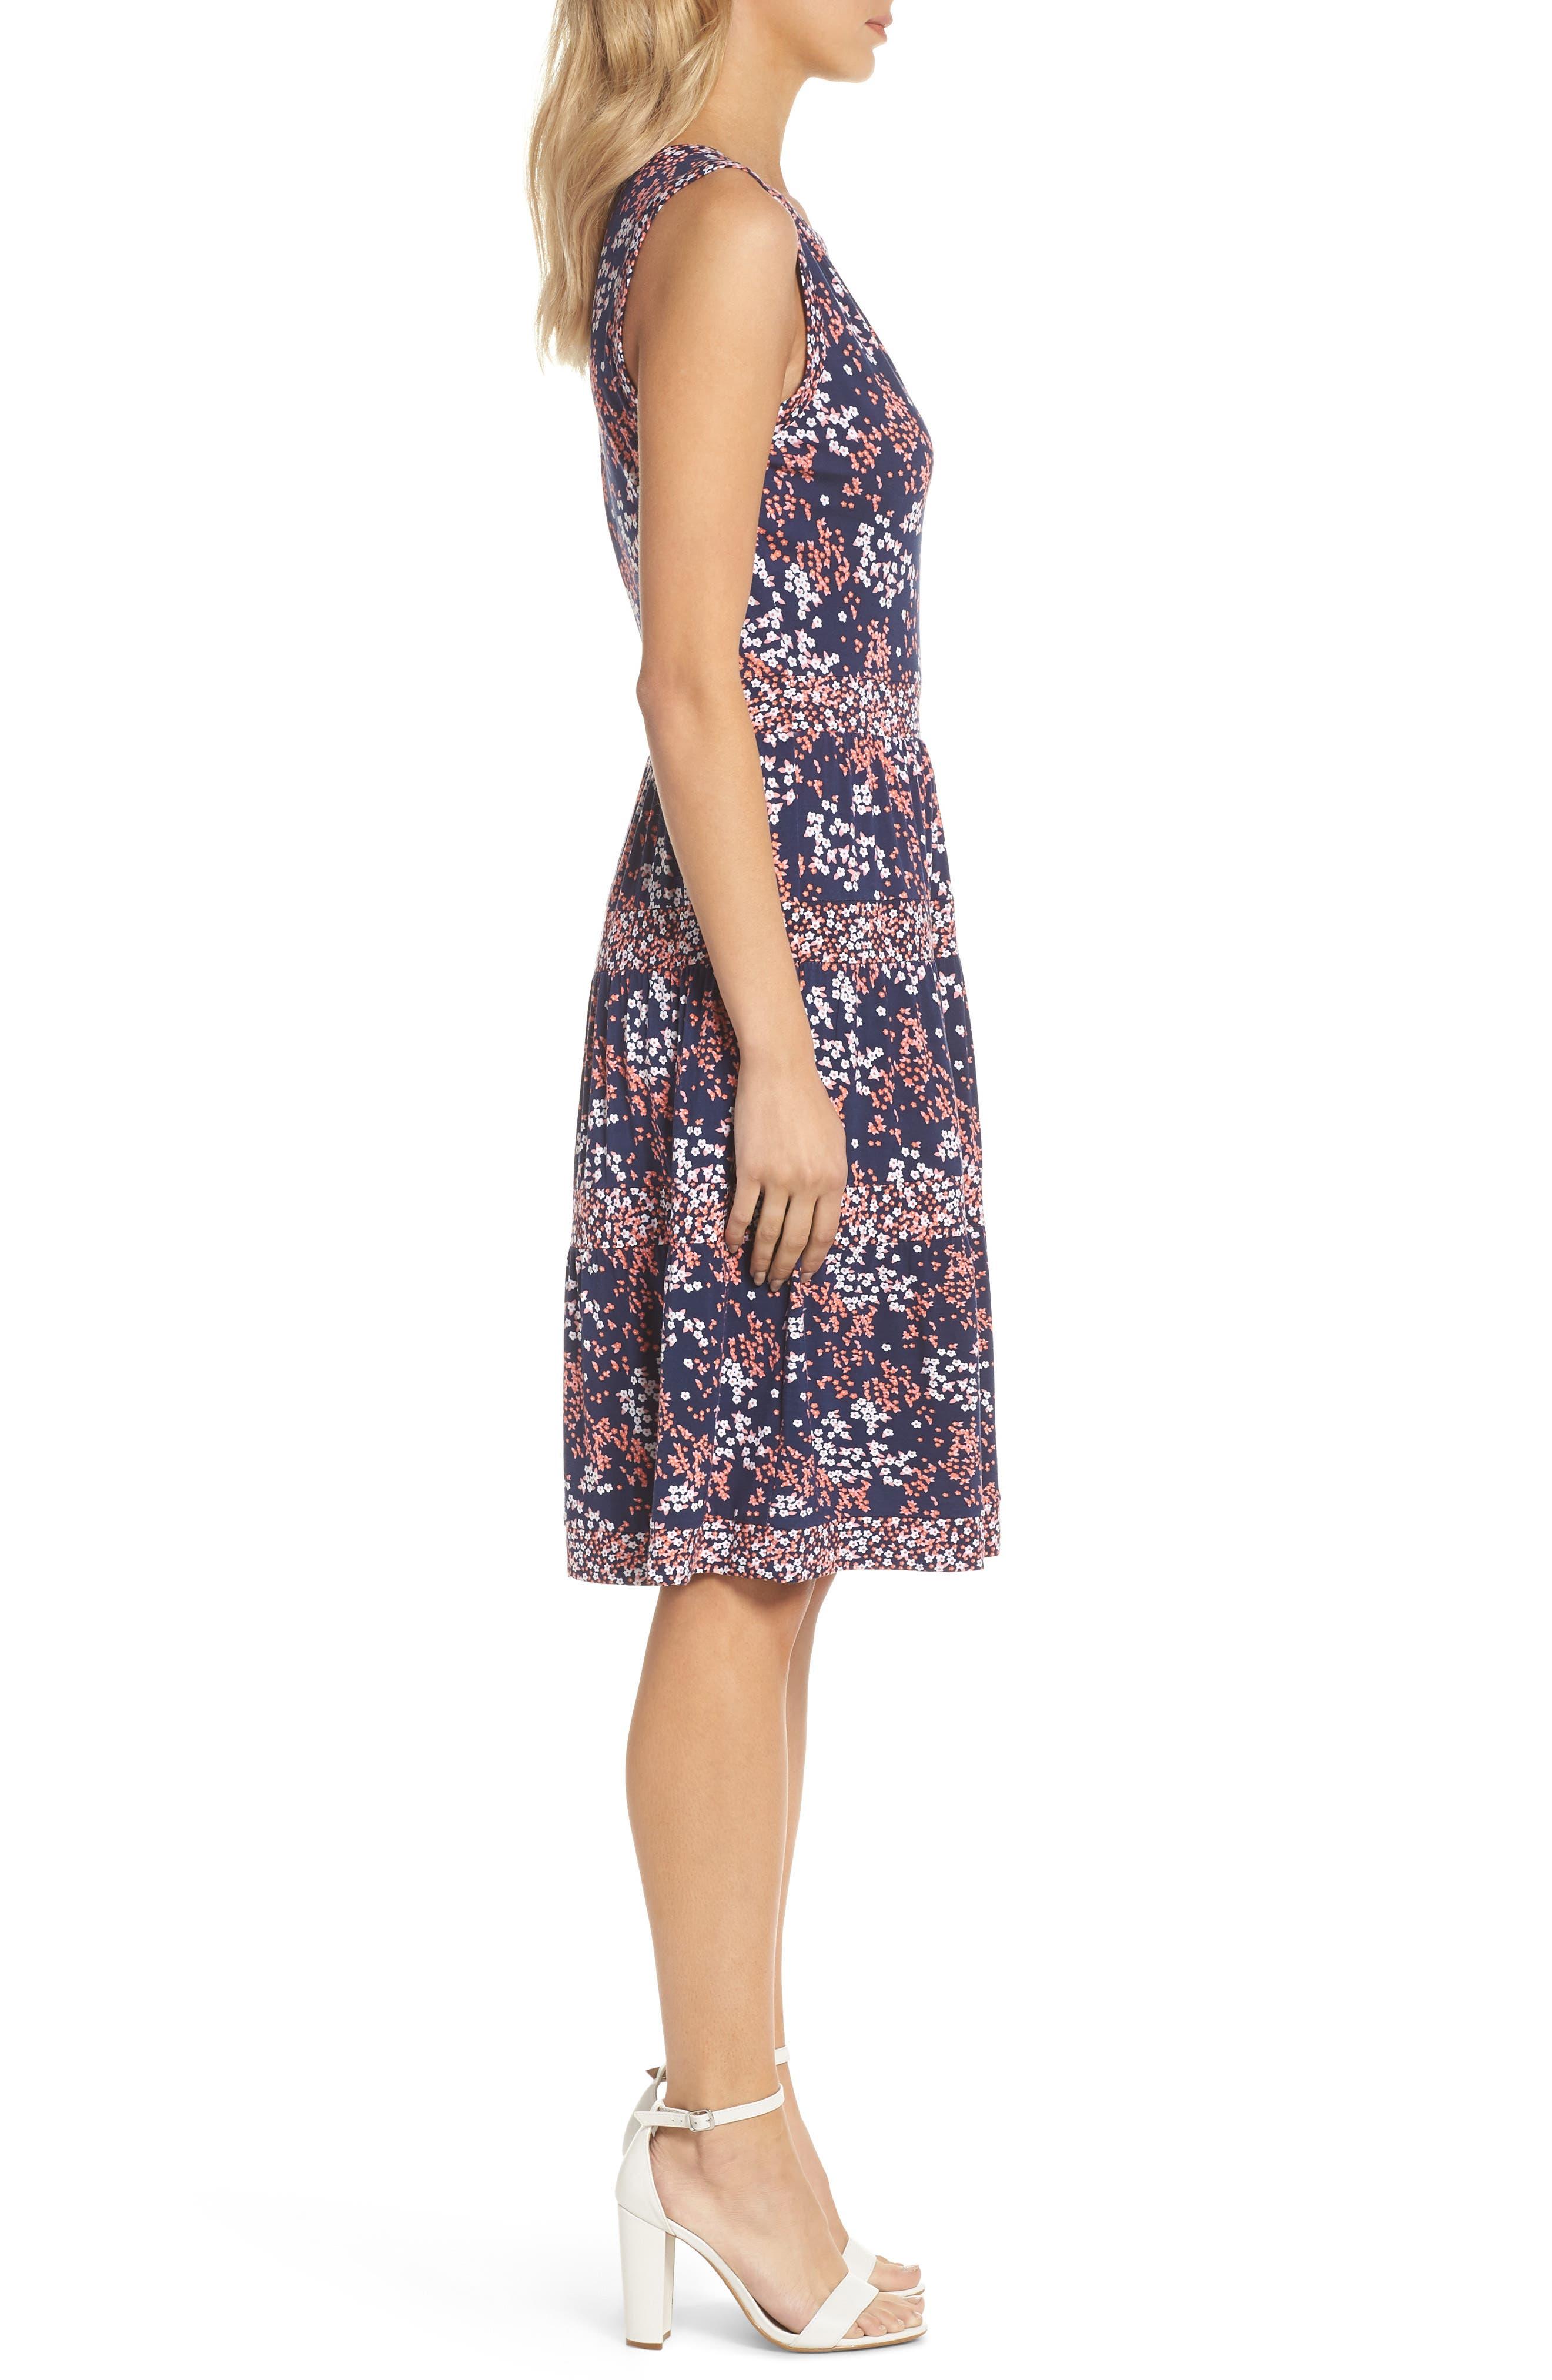 Blooms Border Tiered Dress,                             Alternate thumbnail 3, color,                             True Navy/ Bright Blush
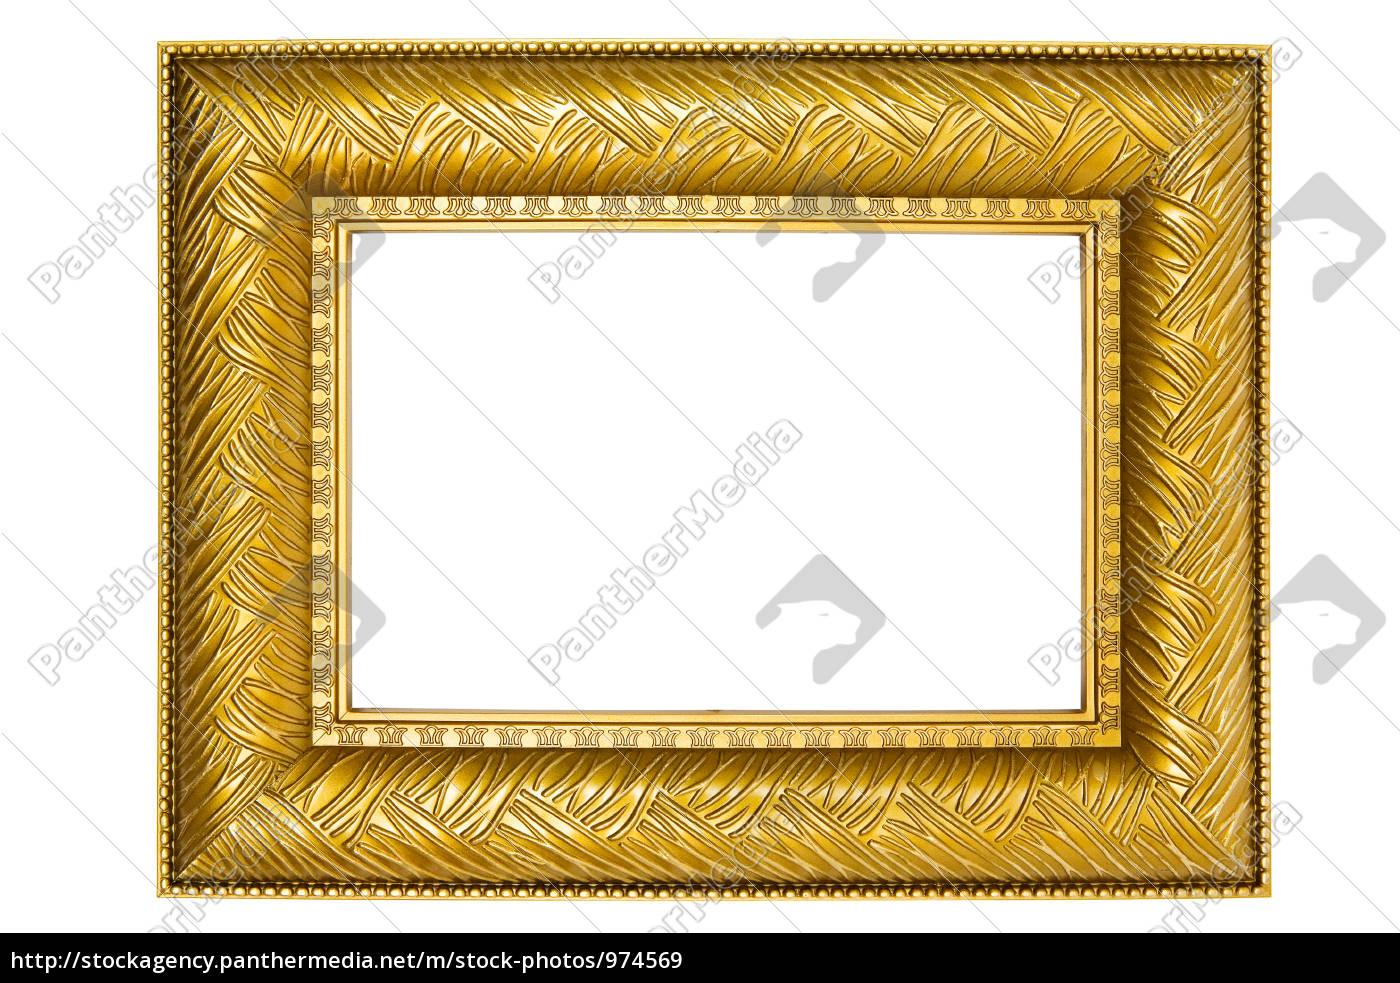 goldener bilderrahmen mit verzierungen lizenzfreies bild 974569 bildagentur panthermedia. Black Bedroom Furniture Sets. Home Design Ideas
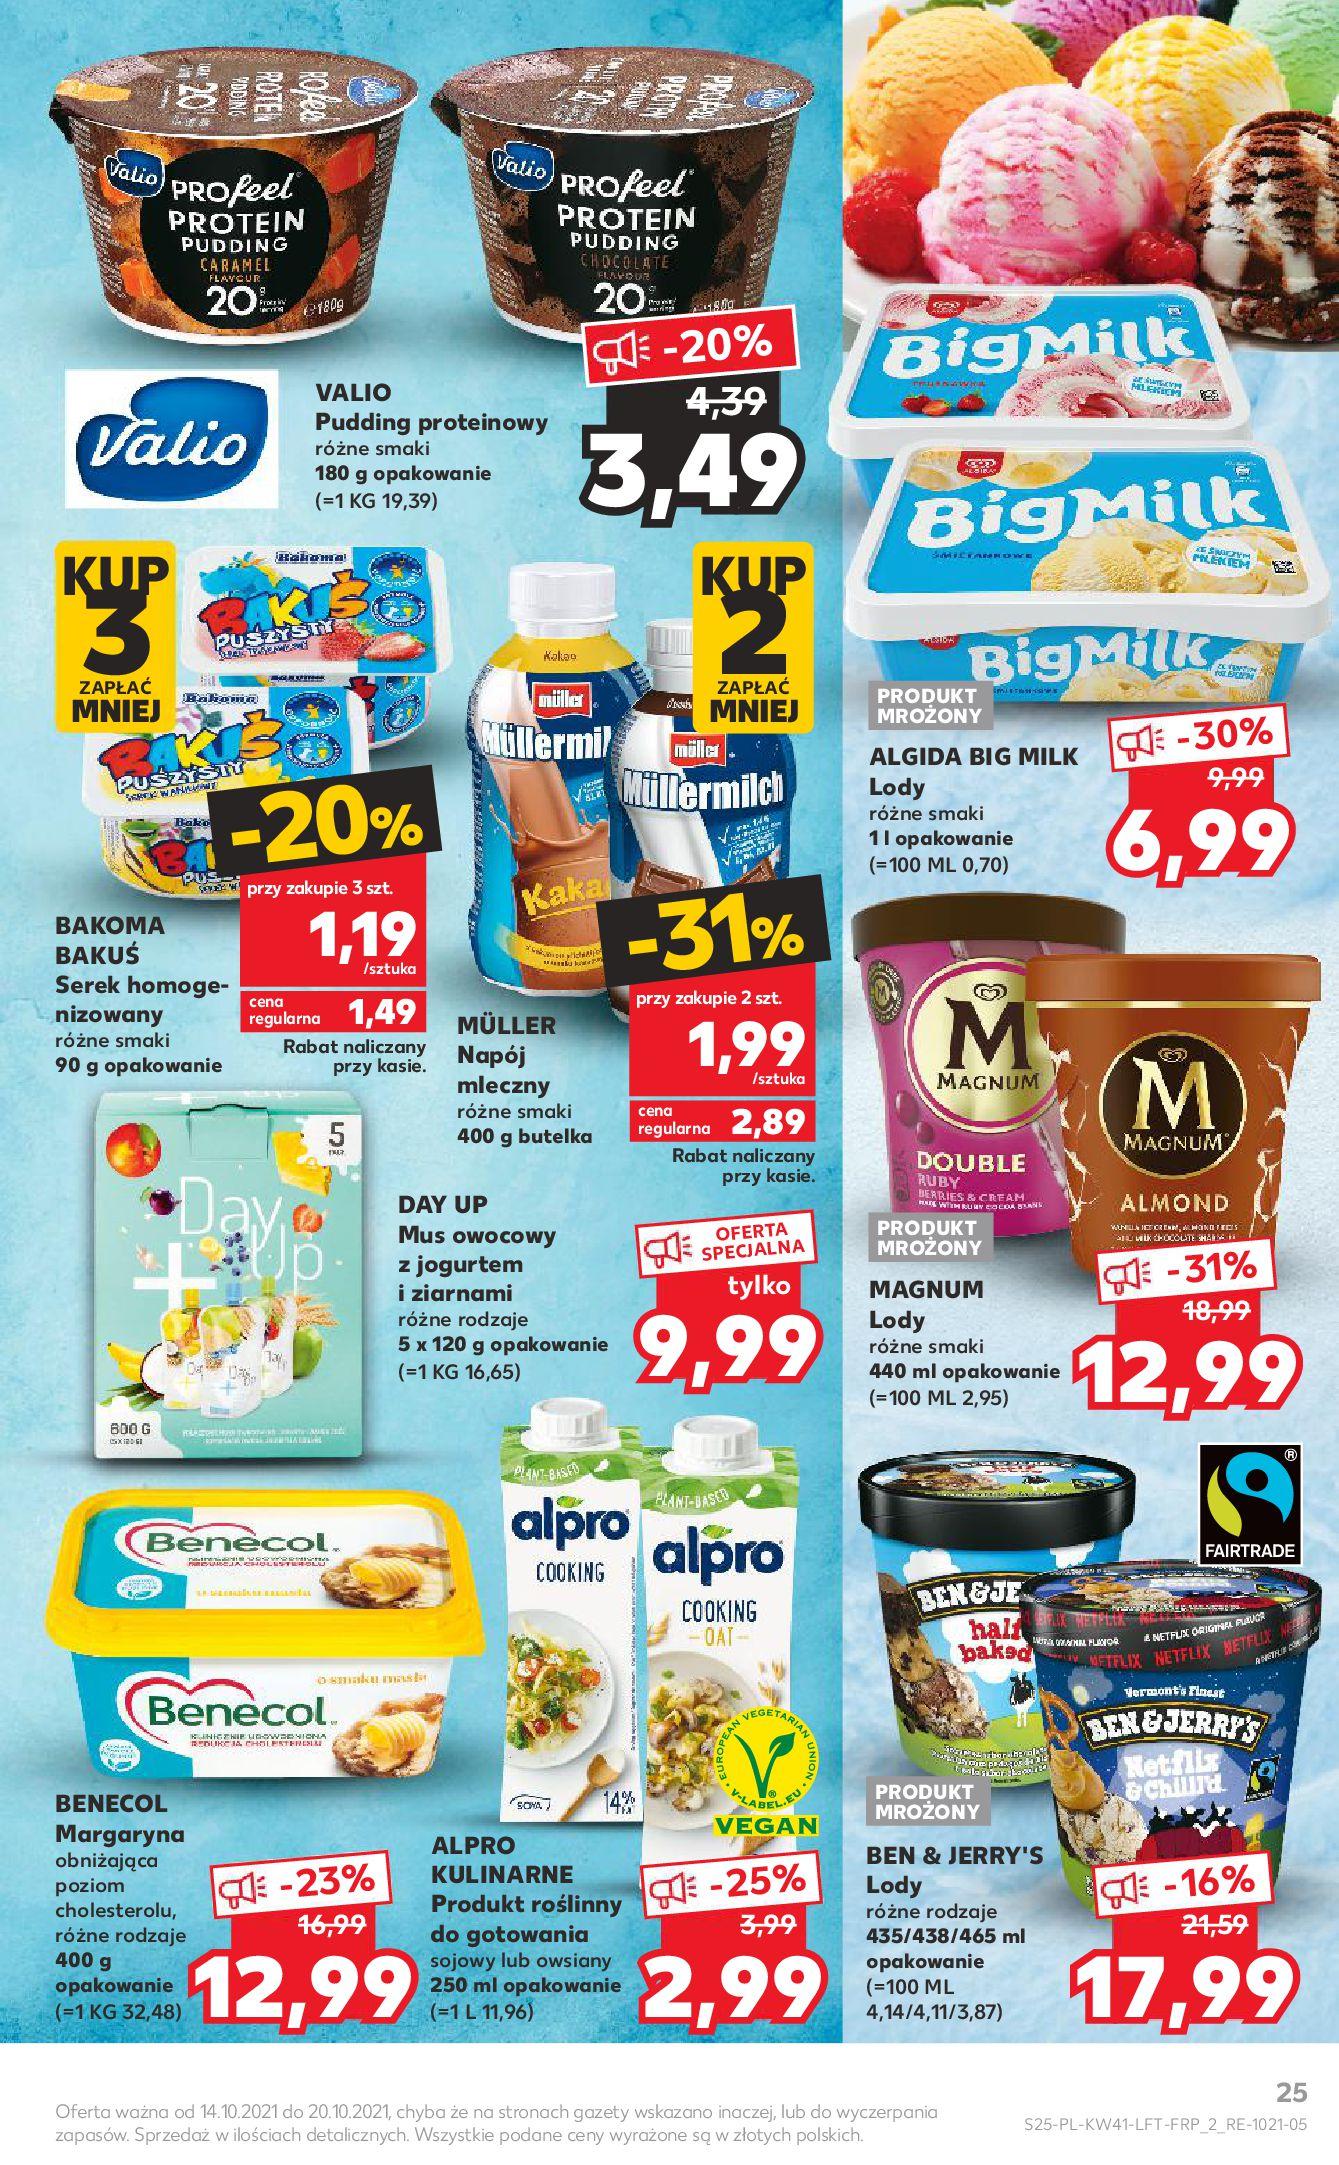 Gazetka Kaufland: Gazetka Kaufland 14-20.10. 2021-10-14 page-25

┄┄┄┄┄┄┄┄┄┄

ABOUT THIS EXERCISE: Please print the lines exactly, from the top of the material through the line with "goldener bilderrahmen mit", and omit the pictures.

OUTPUT BELOW:
 Blooms Border Tiered Dress,                             Alternate thumbnail 3, color,                             True Navy/ Bright Blush
 goldener bilderrahmen mit verzierungen lizenzfreies bild 974569 bildagentur panthermedia. Black Bedroom Furniture Sets. Home Design Ideas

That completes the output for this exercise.